Johnson comments: “In the event that vital machinery breaks down or needs to be replaced unexpectedly, hospitality businesses must be aware of the facilities available to them. Dedicated asset finance solutions aimed at the hospitality sector are designed to help spread the cost of expensive purchases and maintain a healthier cash flow.” 

The outlook going forward

Businesses throughout the hospitality sector have been constantly innovating and adapting in order to stay afloat amidst these challenging economic conditions. However, in order to properly insulate and protect the sector to sustainably grow in the years ahead, increased levels of government support must be required. 

Trade body HospitalityUK has, in conjunction with a number of independent hospitality businesses across the UK, been campaigning for the government to drop VAT rates for the sector. A petition started by restauranteur Andy Lennox calling for VAT to be dropped from 20% to 10% currently has over 3,500 signatures. 

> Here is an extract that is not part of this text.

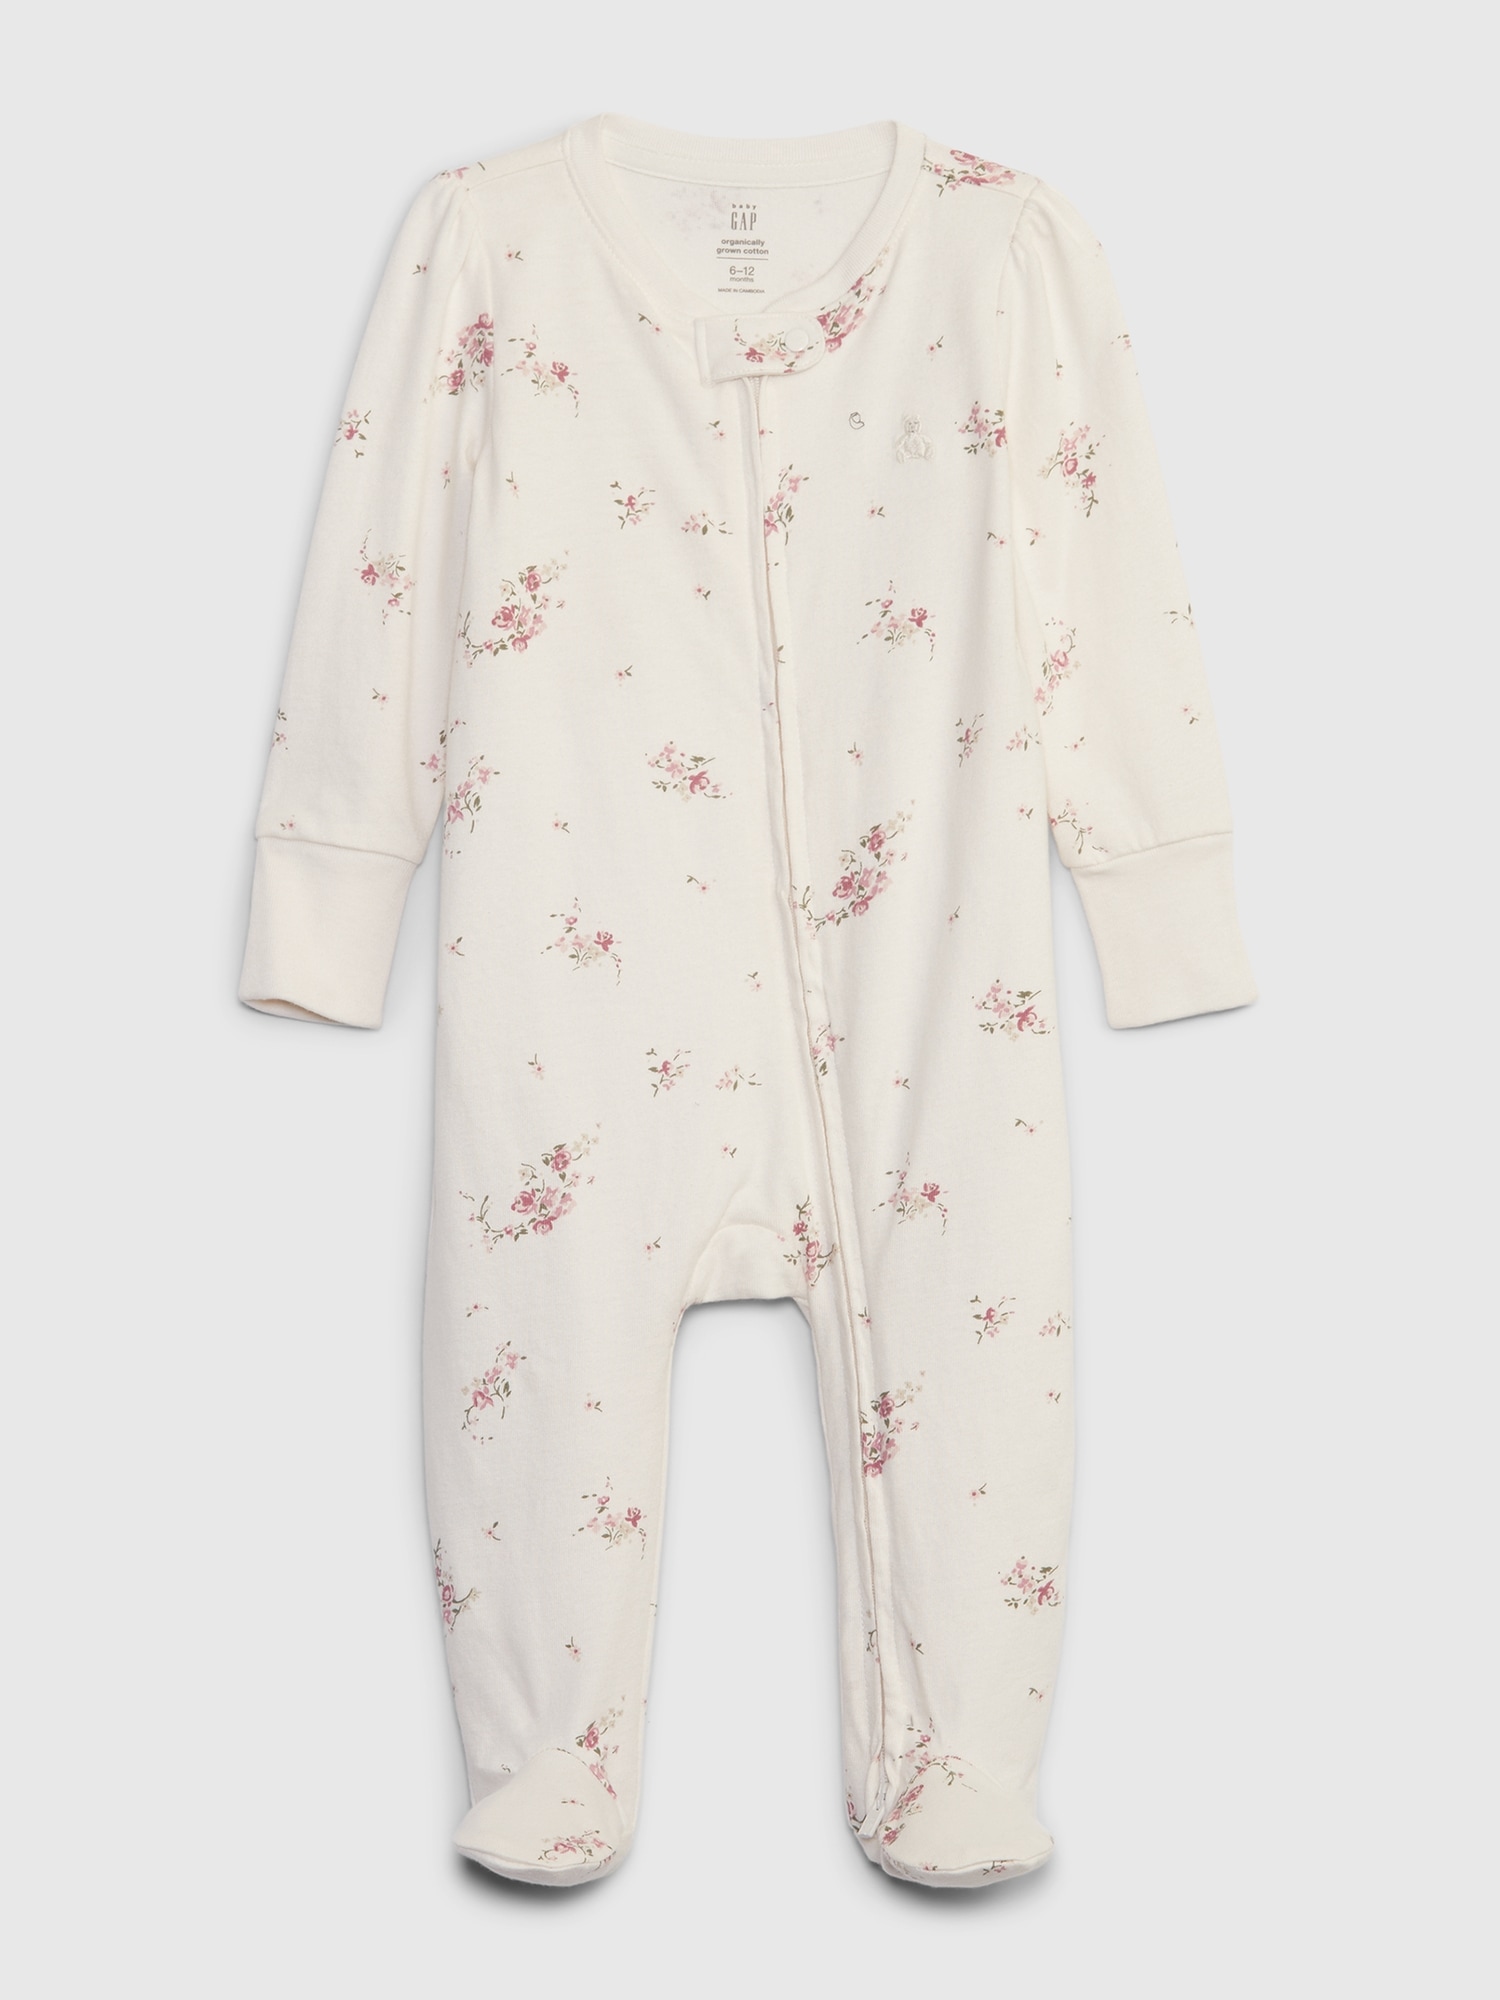 Baby First Favorites Organic CloudCotton Footed One-Piece
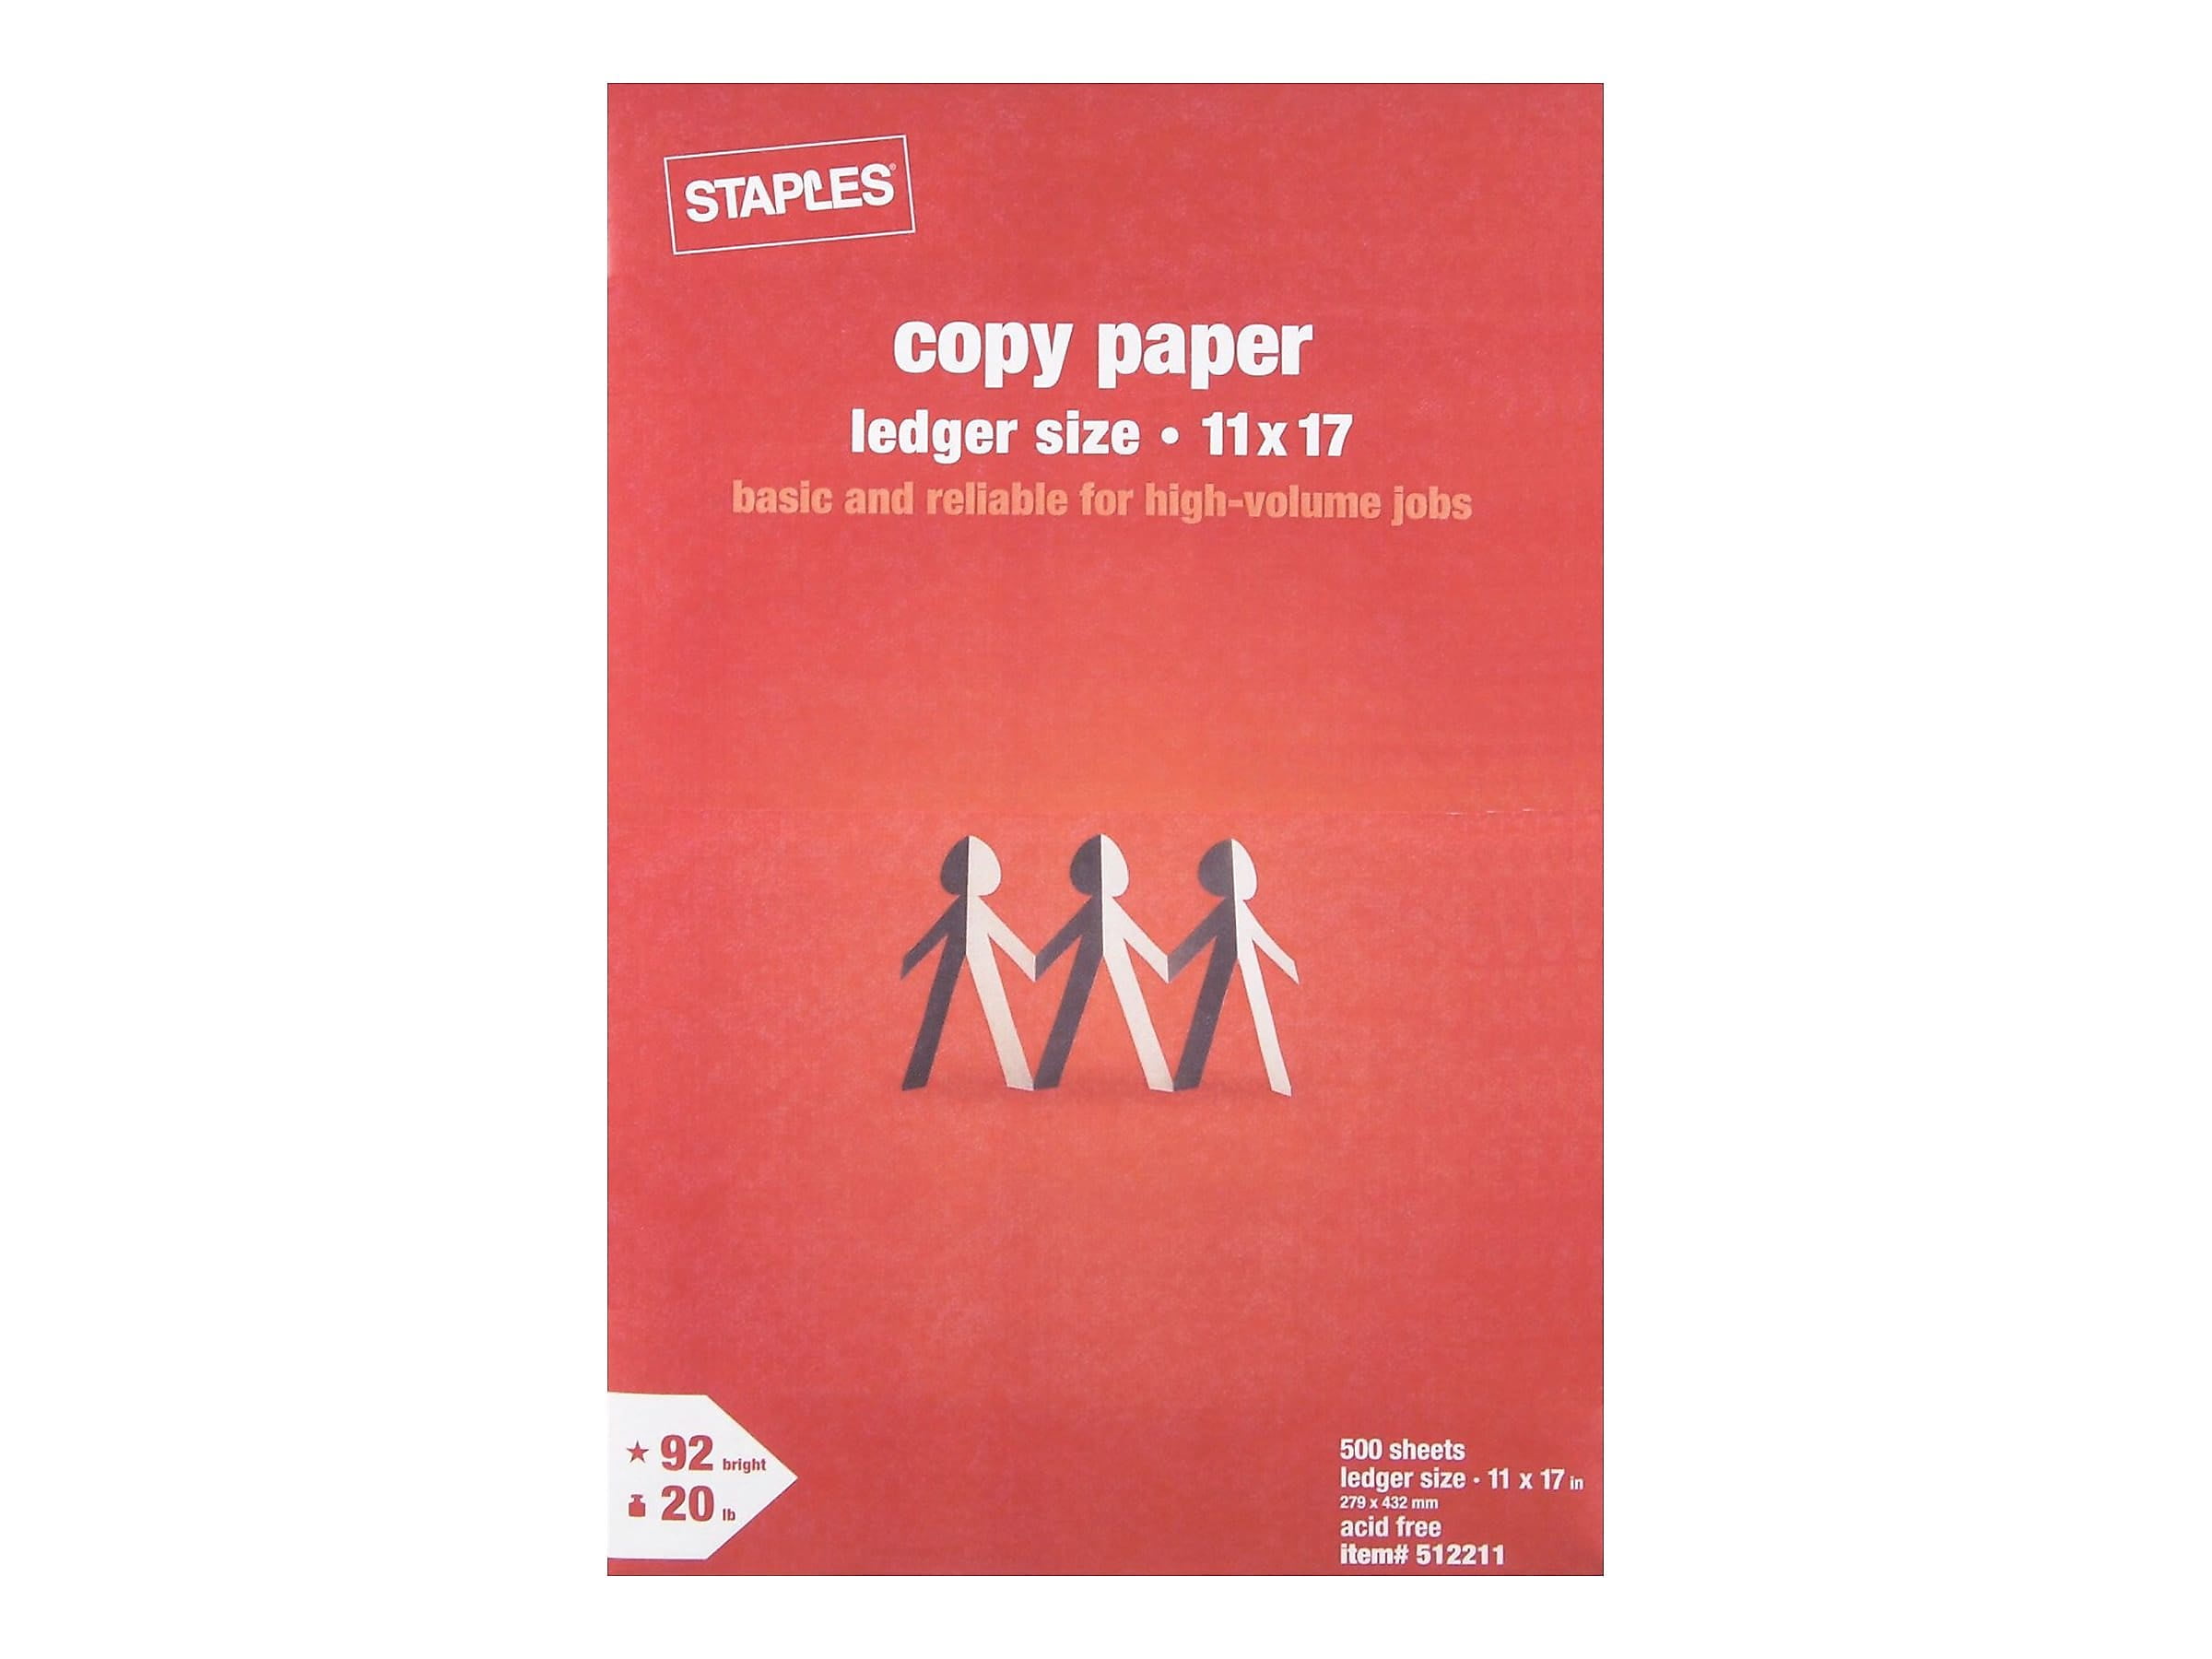  Exact-26721 Color Copy Paper, 8-1/2 x 11 Inches, 20 lbs, Bright  Orange, Pack of 500 - 87300 : Office Products

With wages, inflation and fixed costs showing little sign of slowing down, the government have a decision to make – increase the level of support provided to the hospitality sector, or risk the end of one of the UK’s most culturally significant sectors. 

Business rate relief has provided some support, but the restaurant closures across Wales – where relief was dropped from 75% to 40% – indicate that this level of support is barely enough to keep our hospitality sector afloat.